Daffodils? Who needs ‘em!

The spring of 2002 was a difficult but growth-filled time in my life. As I prepared to graduate from college, I was moving toward a position on the staff of Campus Crusade for Christ. But God used that time to break me and reveal areas where I needed healing. In that process of learning about who I was created to be, I chose not to go on staff with Crusade. I also began to reconcile past hurts with God’s grace.

February 14th of that year was a marking point in that growth.

My Bible study was reading through Changes that Heal, and the first part of the book (“Bonding to Others”) was throwing me to my knees. I had so many issues in that area of my life that I found myself crying whenever I read it – whether in the comfort of my own home or curled up in a booth at Jim & Milt’s BBQ. Self-examination was painful, especially as I began to pray about the roots of those problems. On February 13th, I made a breakthrough of sorts. I was sobbing in the arms of a close girl friend when my doorbell rang.

My roommates were pretty bad about not answering the door if they weren’t expecting anyone, so the task was left to me. I brushed the tears away and walked across the house to see who was calling on us so late at night.

My cat followed me to the door, and I opened it to an empty porch. My eyes travelled across the front walk and into the street. There was no sign of our guest until I looked lower.

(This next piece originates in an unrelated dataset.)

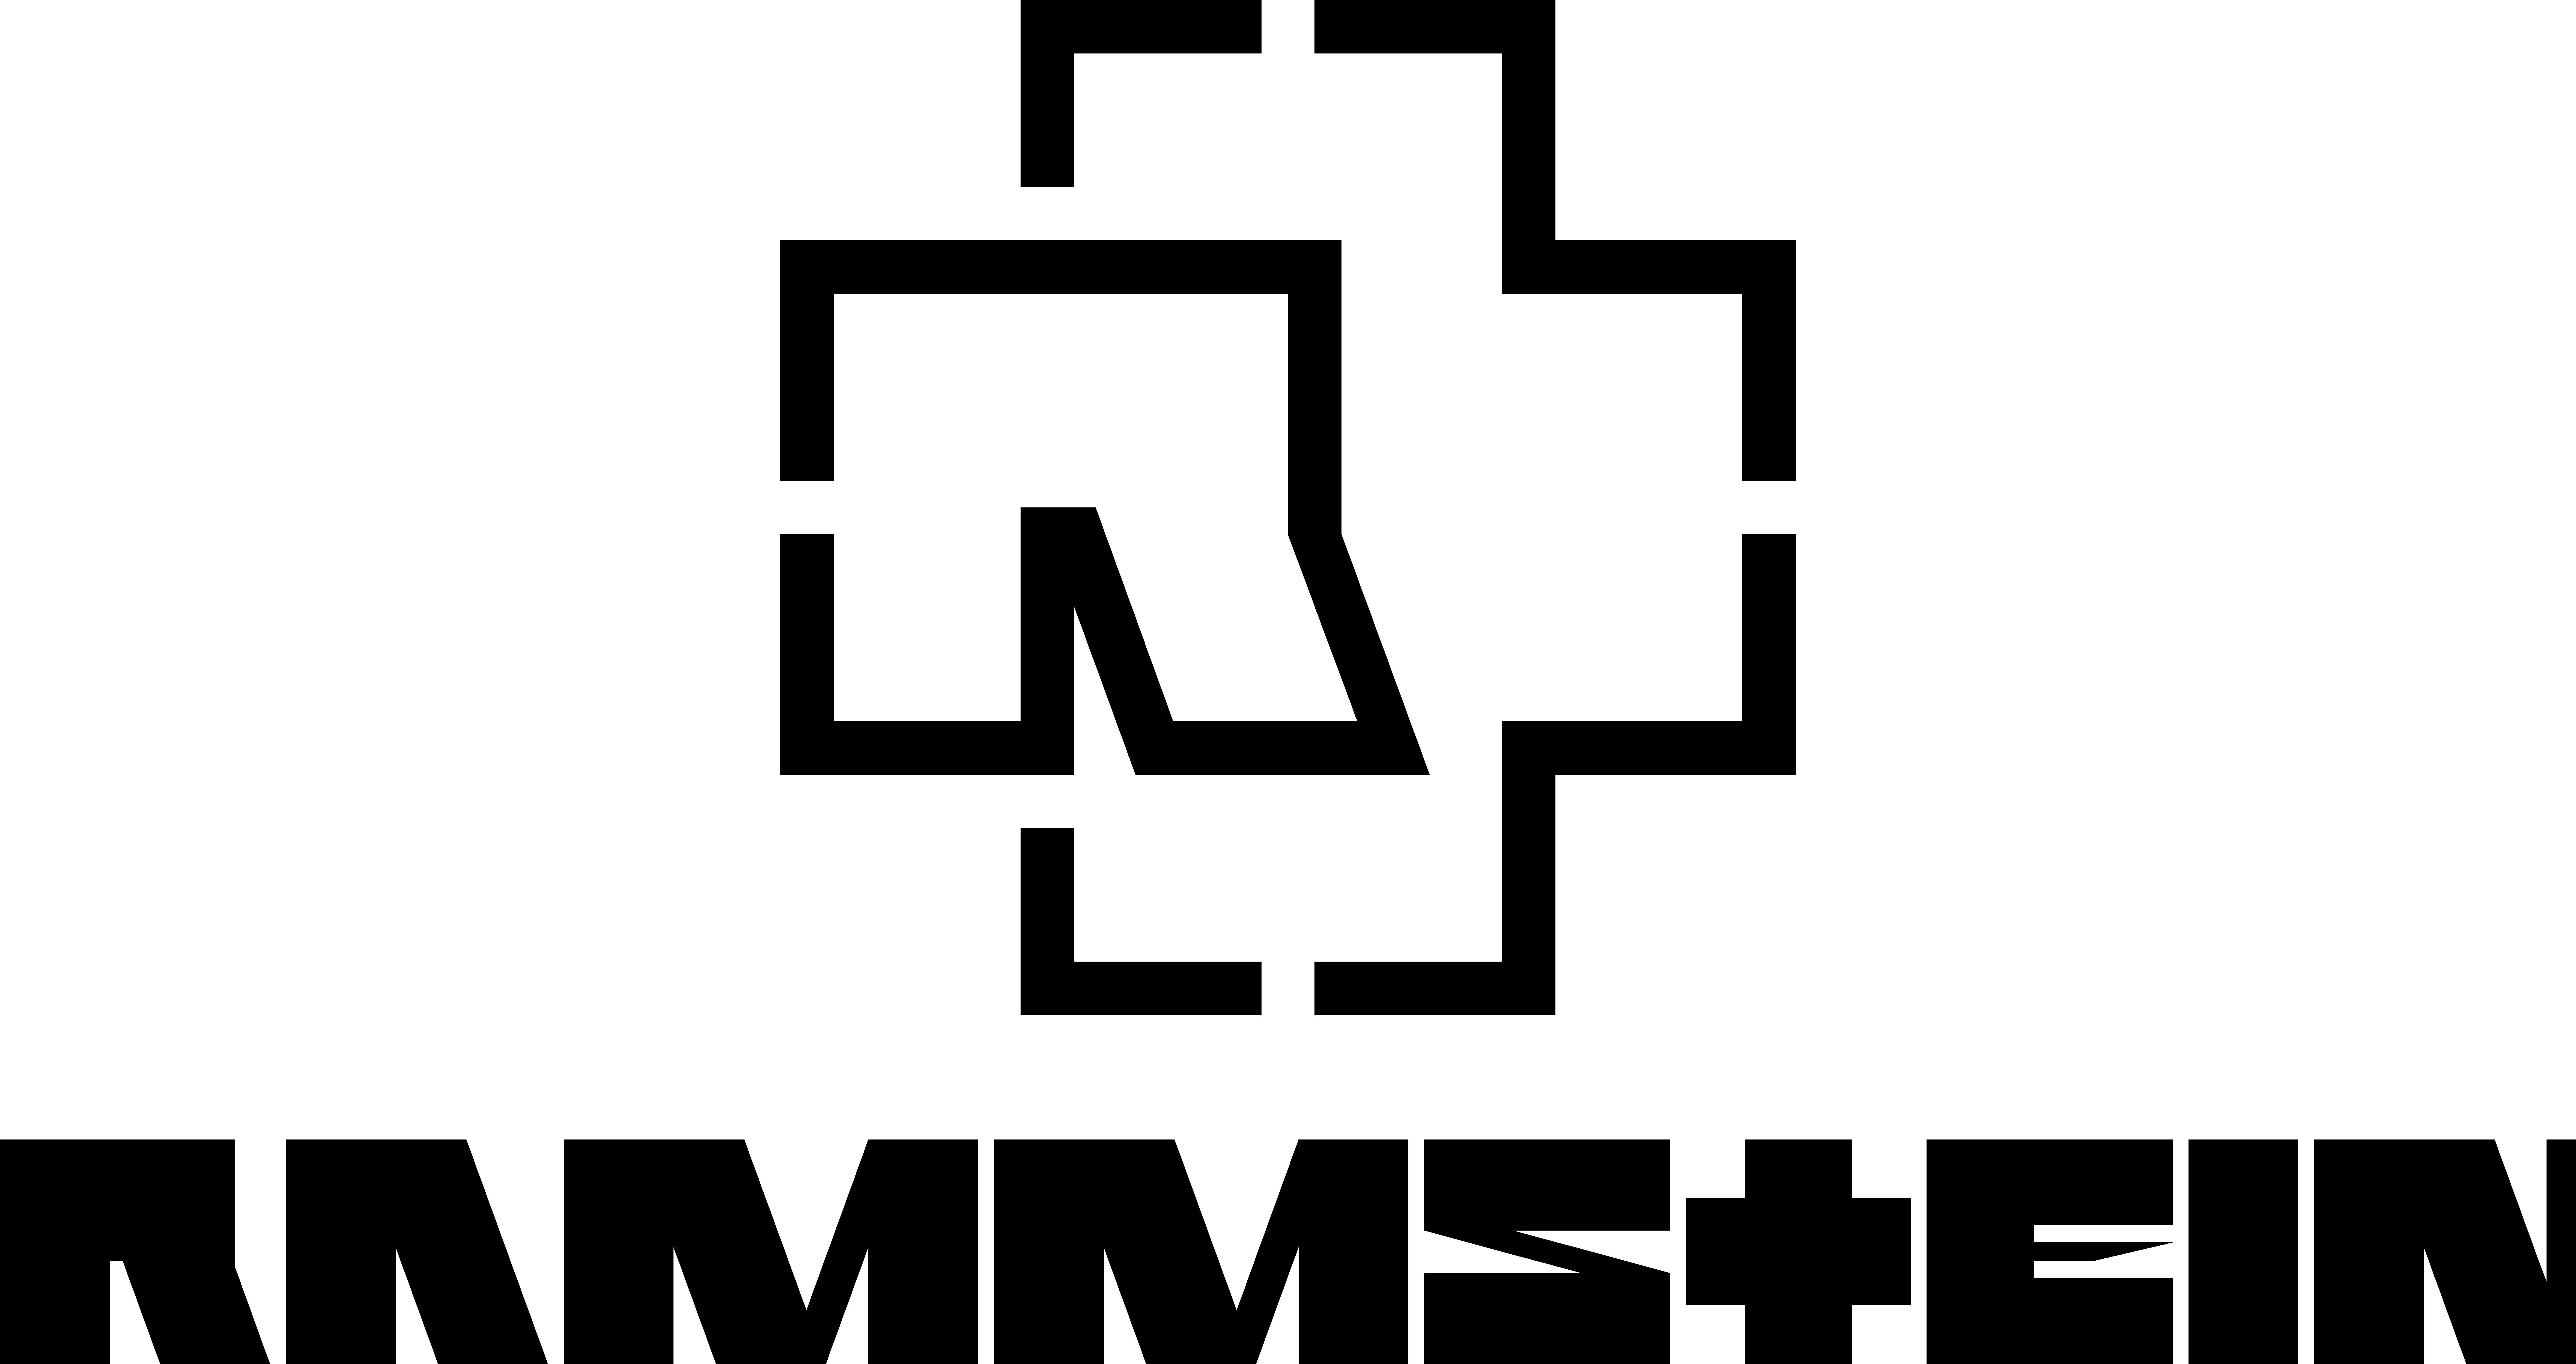 Rammstein Wikipedia

Two bouquets of tulips were resting on our porch.

I retrieved them and brought them inside. One of the bunches had a card marked with my name; the other bore the name of my roommate Heather. I called Joyce out of my room – that was enough prayer for one night – and together the three of us puzzled over the delivery.

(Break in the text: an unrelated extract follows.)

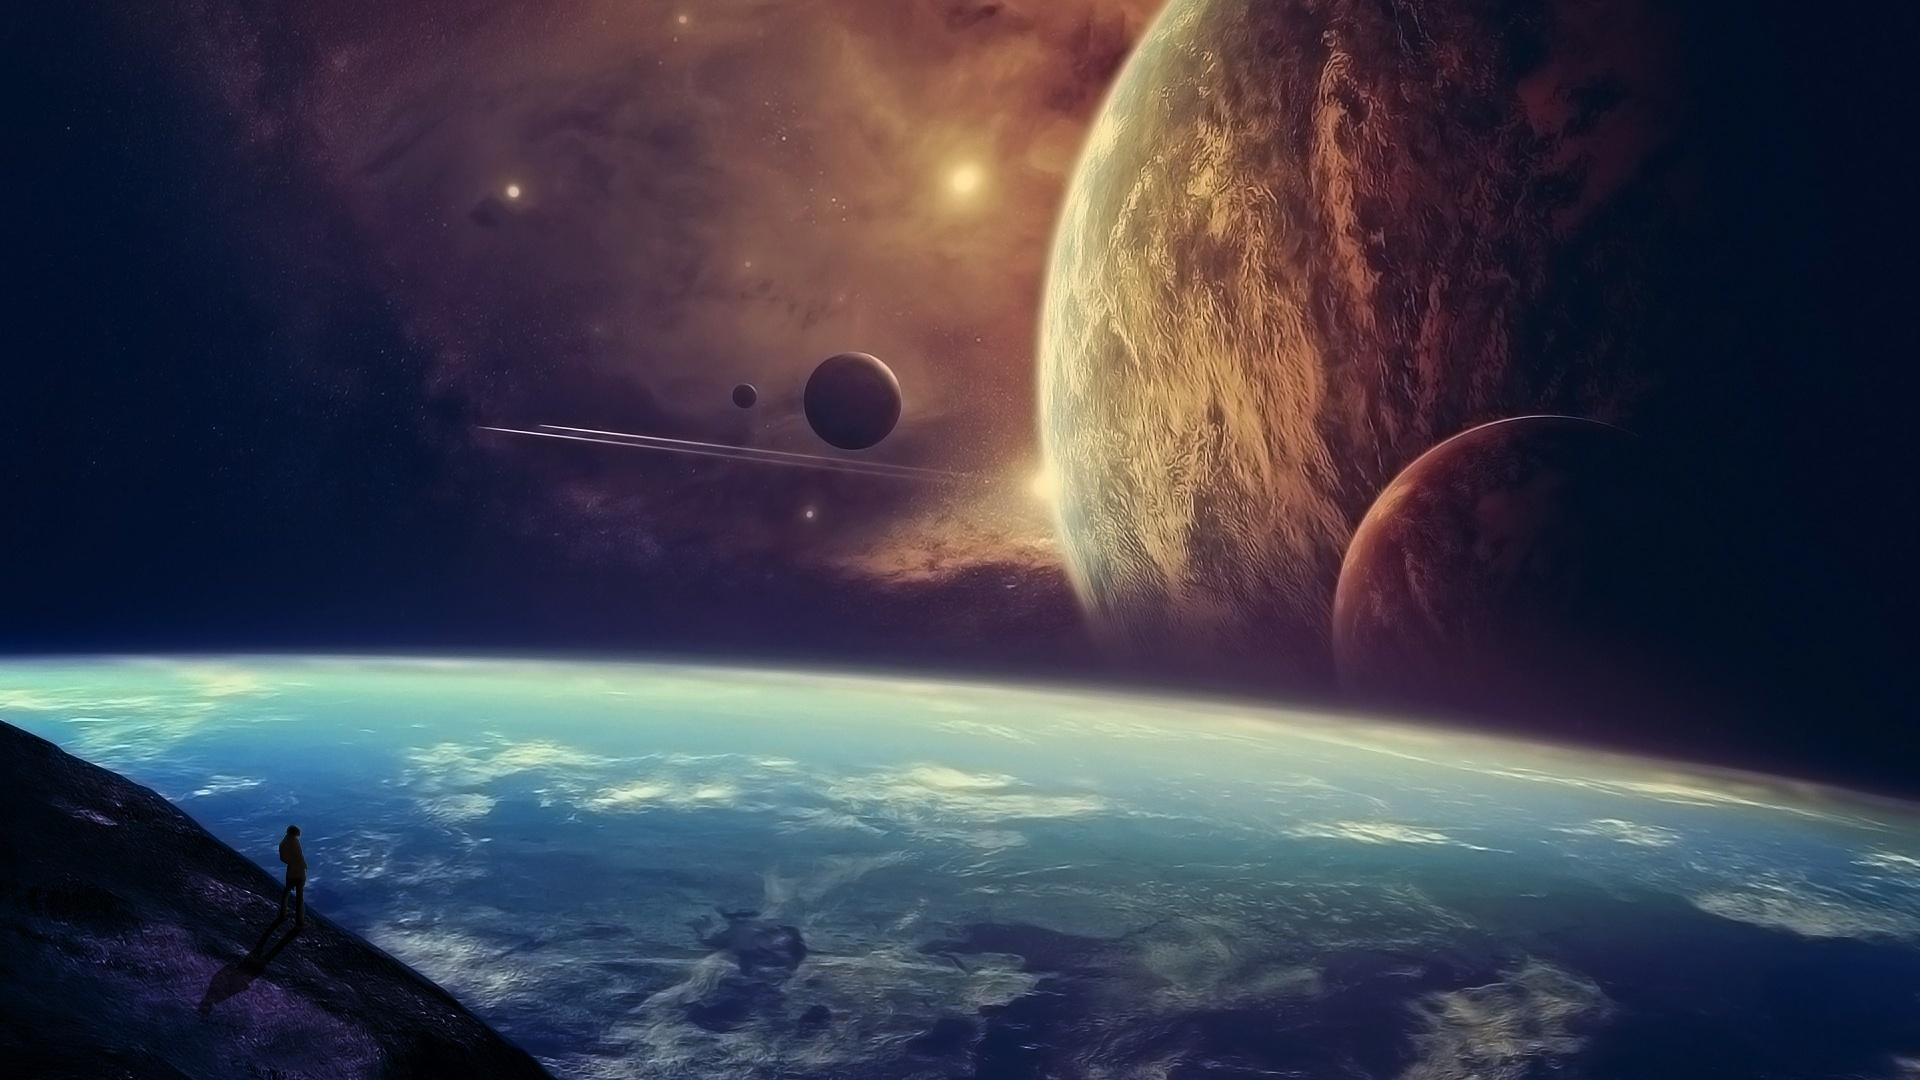 Space Earth Wallpaper Sf Wallpaper

The mystery wasn’t solved for several days, but I was warmed by the indication that one of my friends cared enough to bestow such a beautiful random act of kindness upon me. Finally, it came out that Andy was the culprit. He had flat-out lied to me when I asked him – he didn’t want the credit.

Until today, that was my favorite Valentine’s Day memory.

Don’t worry, Andy, your kindness has not been forgotten. But February 13, 2004, has offered a second act.

This has been one of the roughest weeks I’ve had in a while. It may not be the worst I’ve experienced, but it’s up there.

I had sort of been seeing a guy for several months and I thought it was going fairly well. I was wrong. We called it off on Monday night. (So much for pre-empting.)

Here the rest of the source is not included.